Would you reproduce the data below exactly, please, leaving out its images?

**Dataset content**
****************

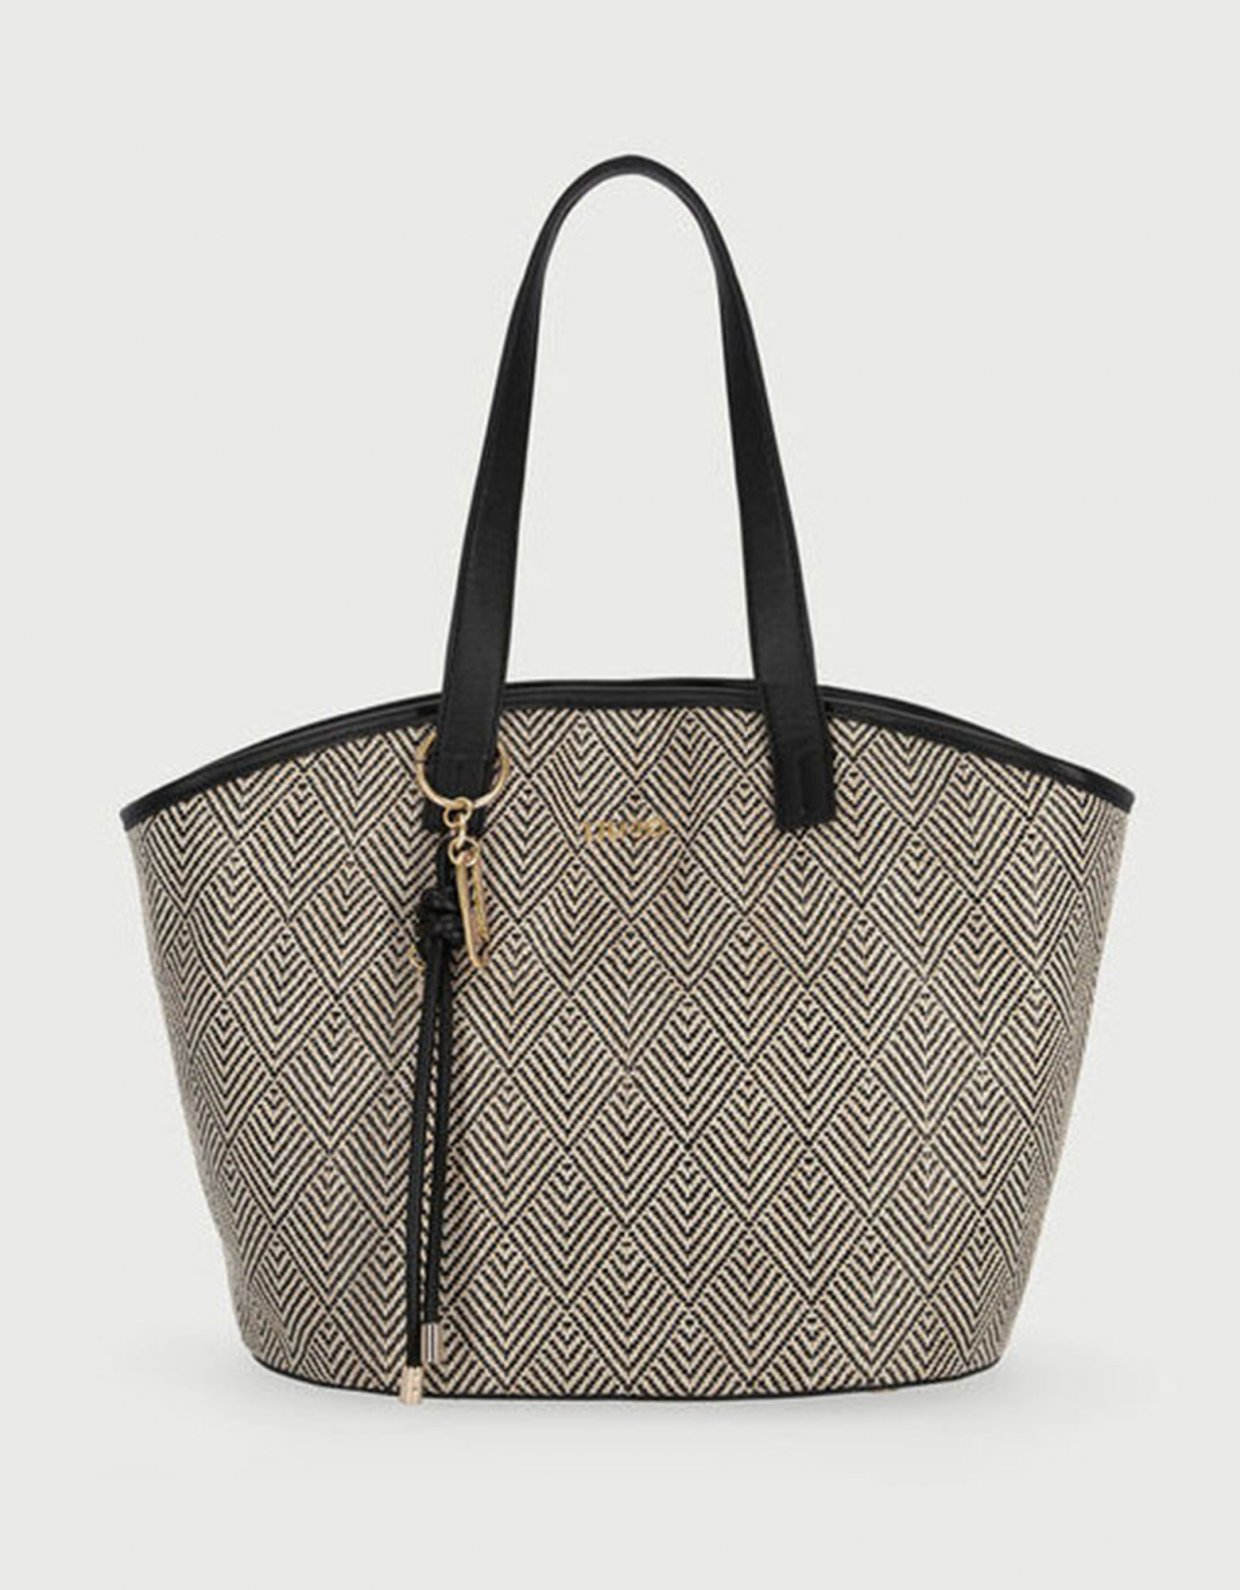 Liu Jo Shopping bag with charm
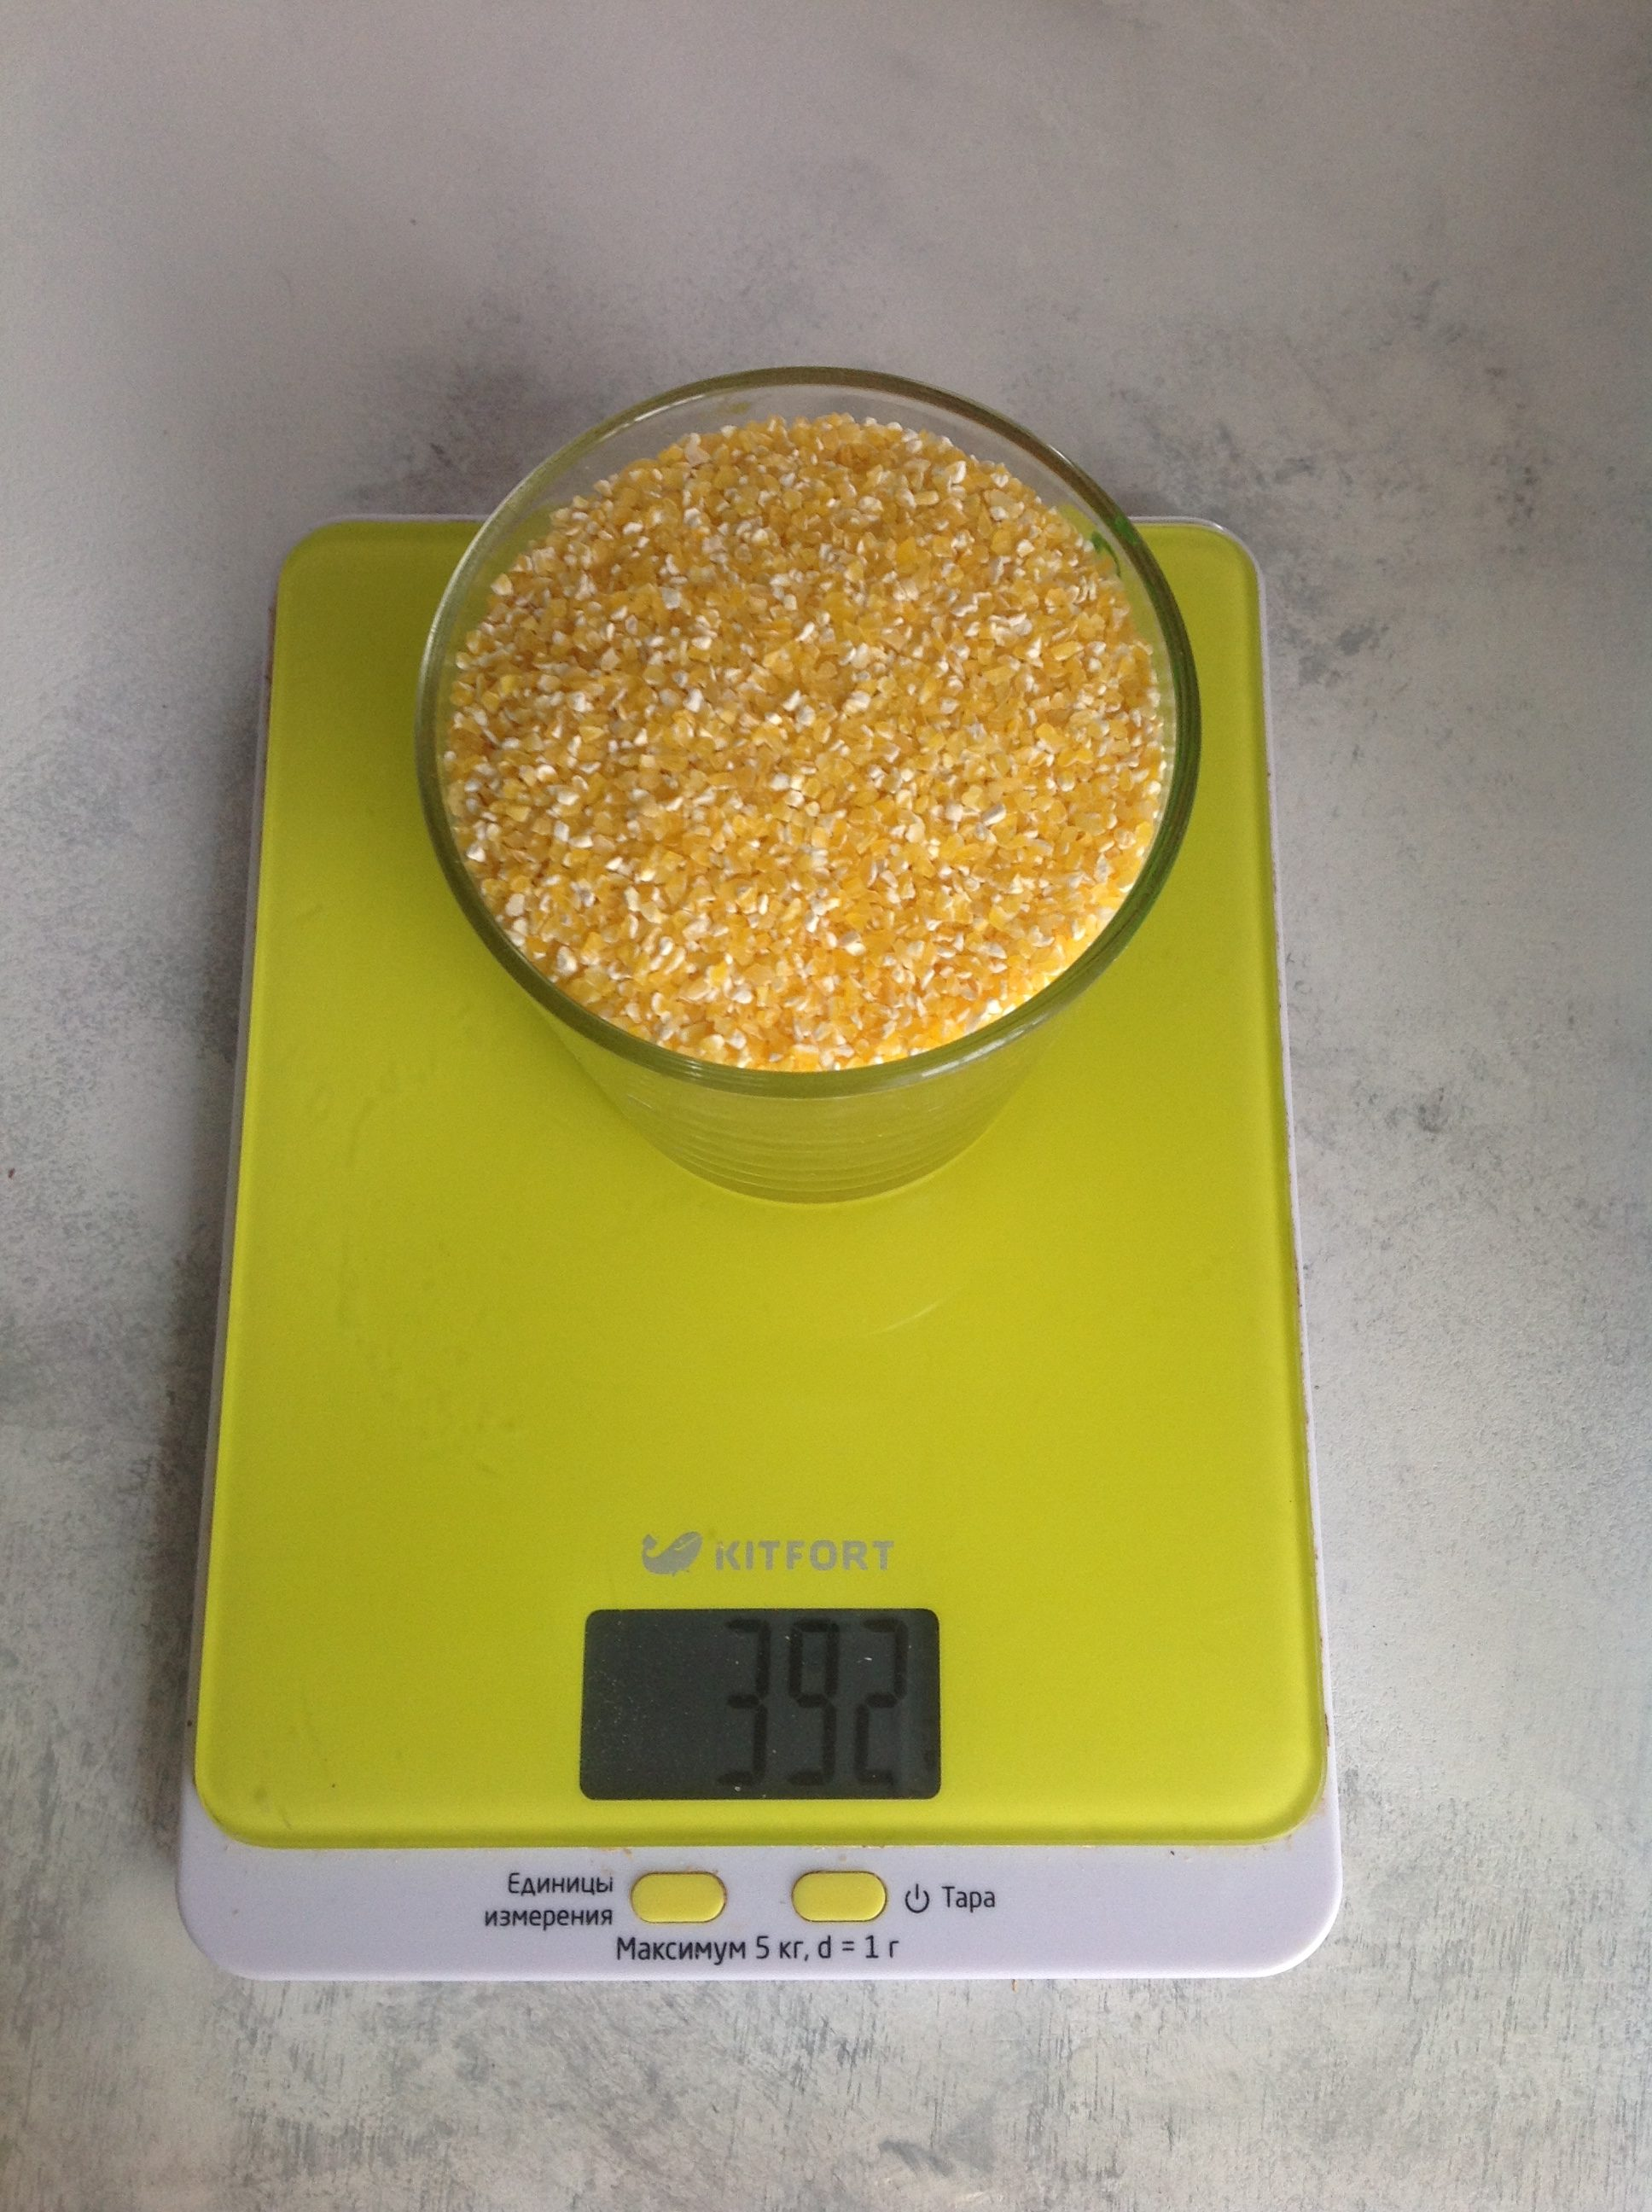 вес кукурузной крупы сухой в стакане 250 мл
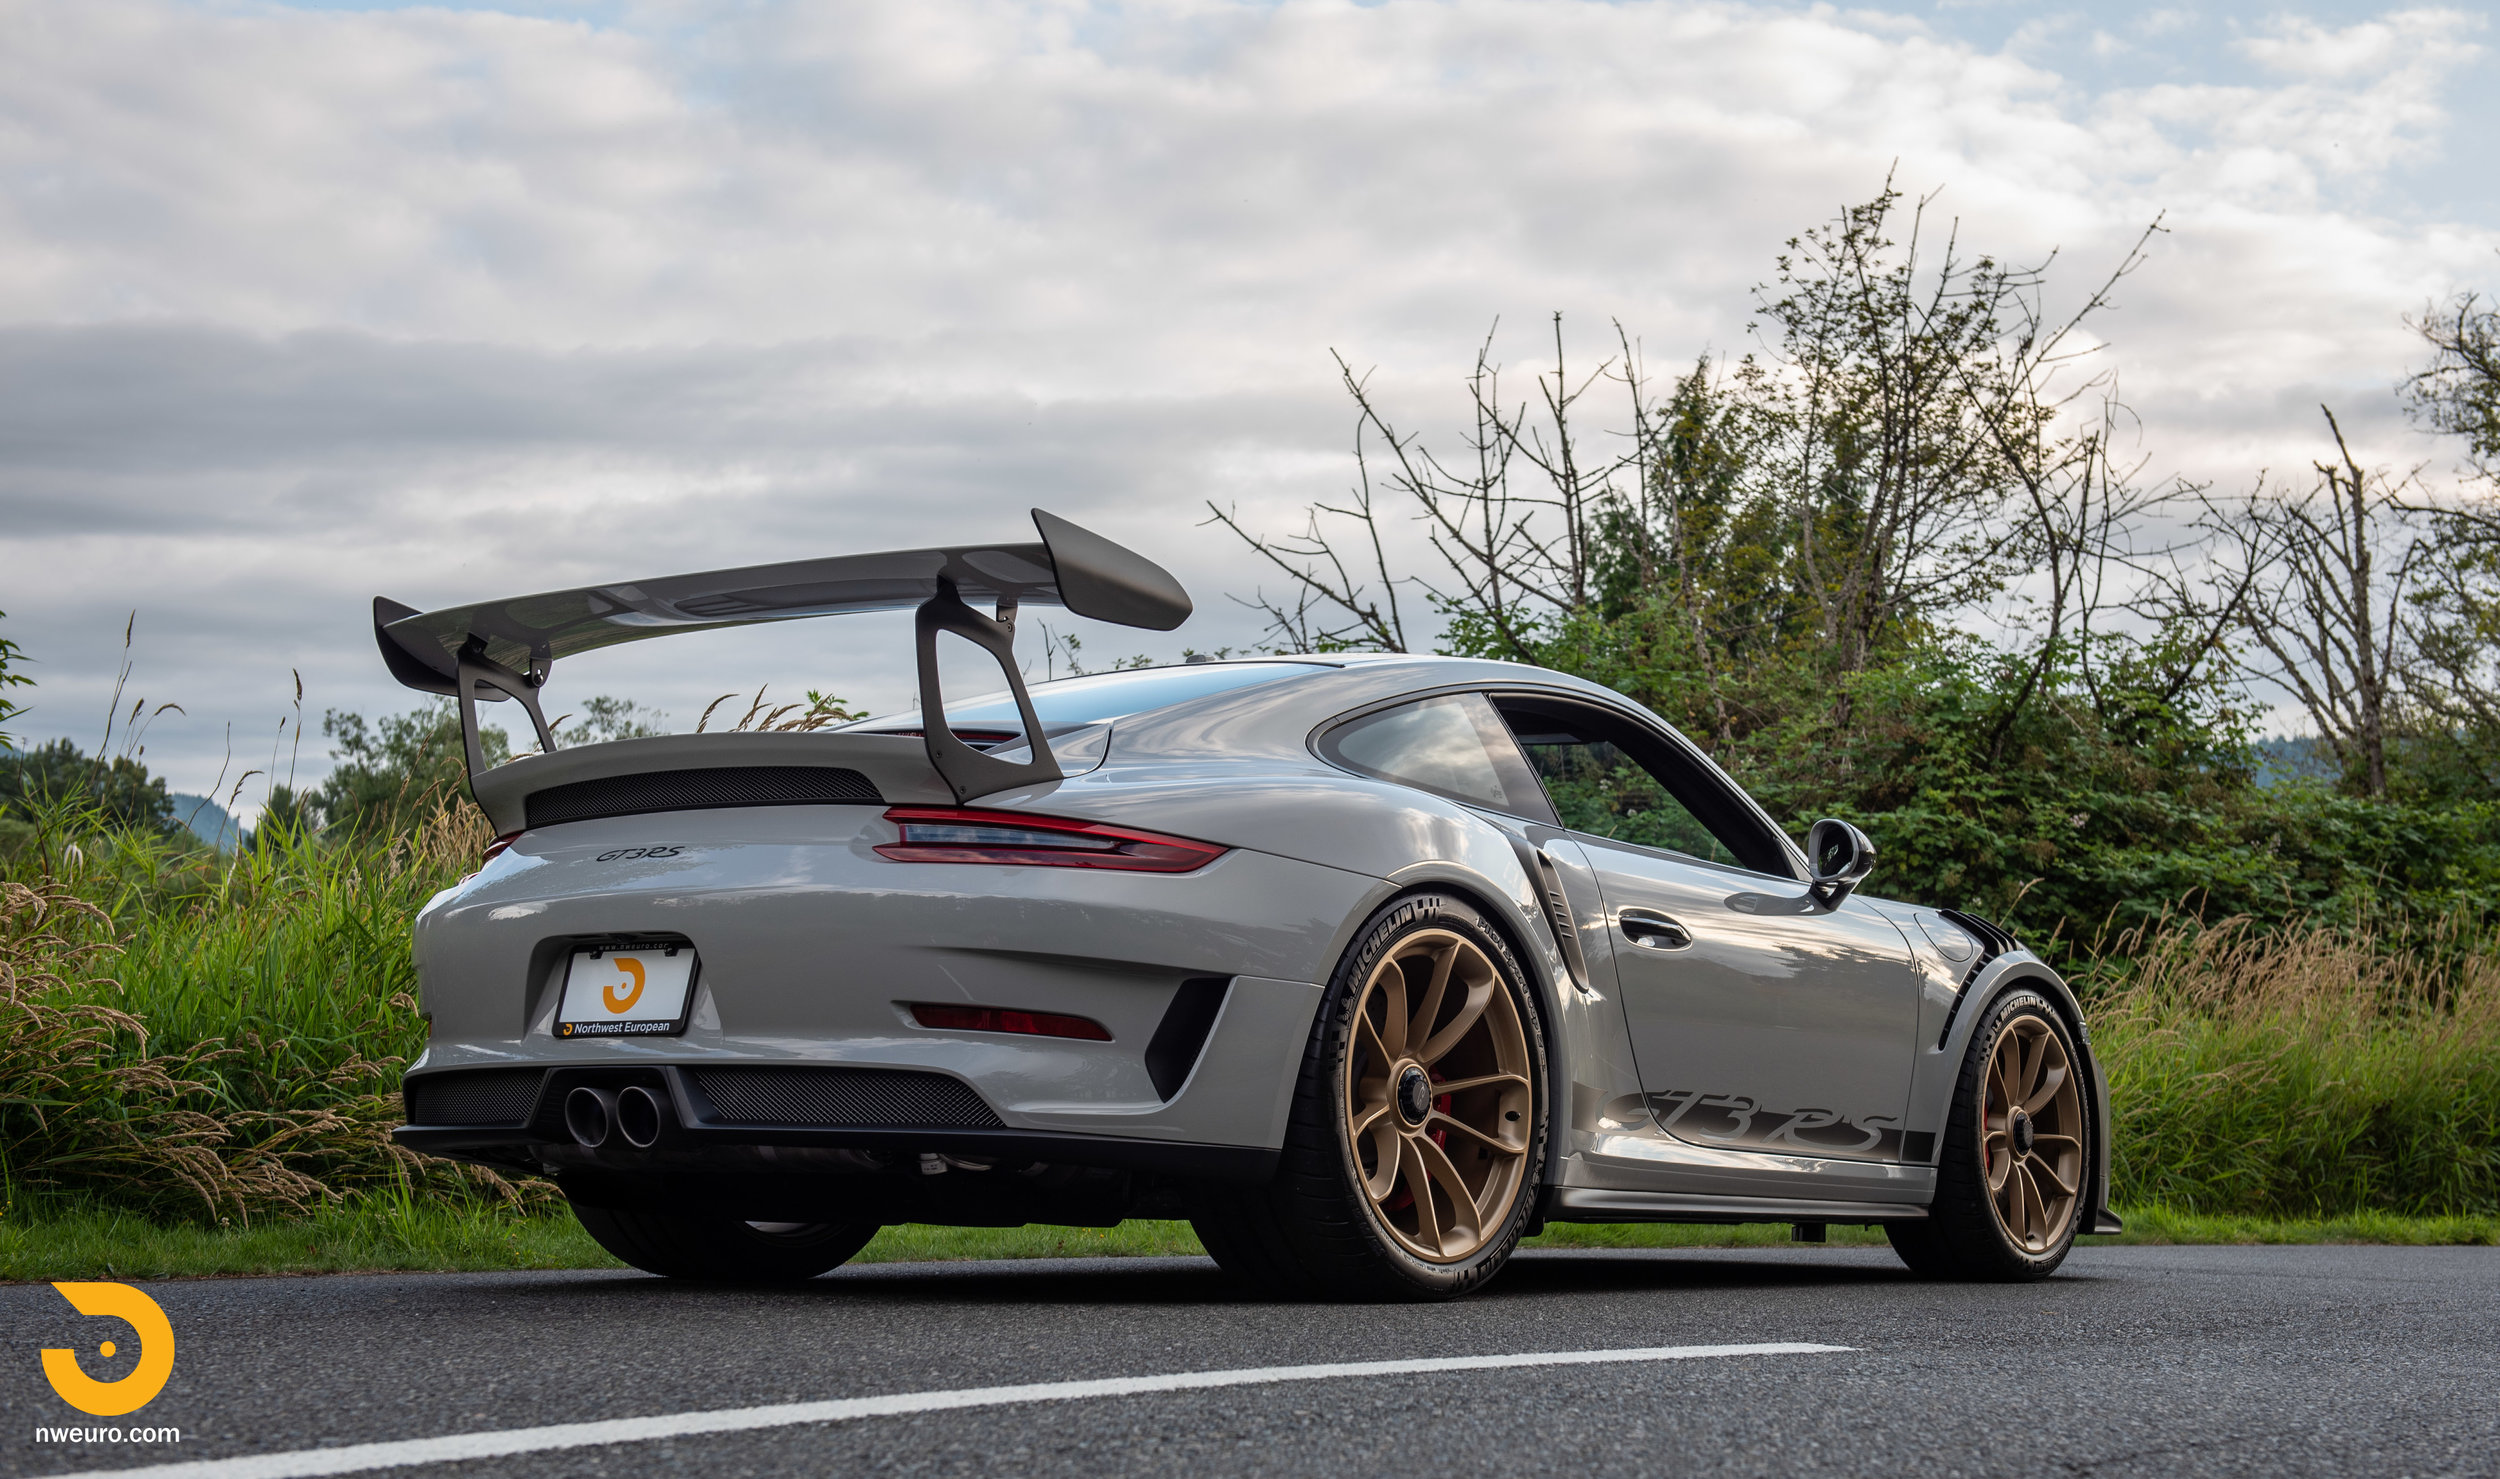 2019 Porsche GT3 RS - Chalk-70.jpg

****************

**Answer section**
 Liu Jo Shopping bag with charm
 вес кукурузной крупы сухой в стакане 250 мл
 2019 Porsche GT3 RS - Chalk-70.jpg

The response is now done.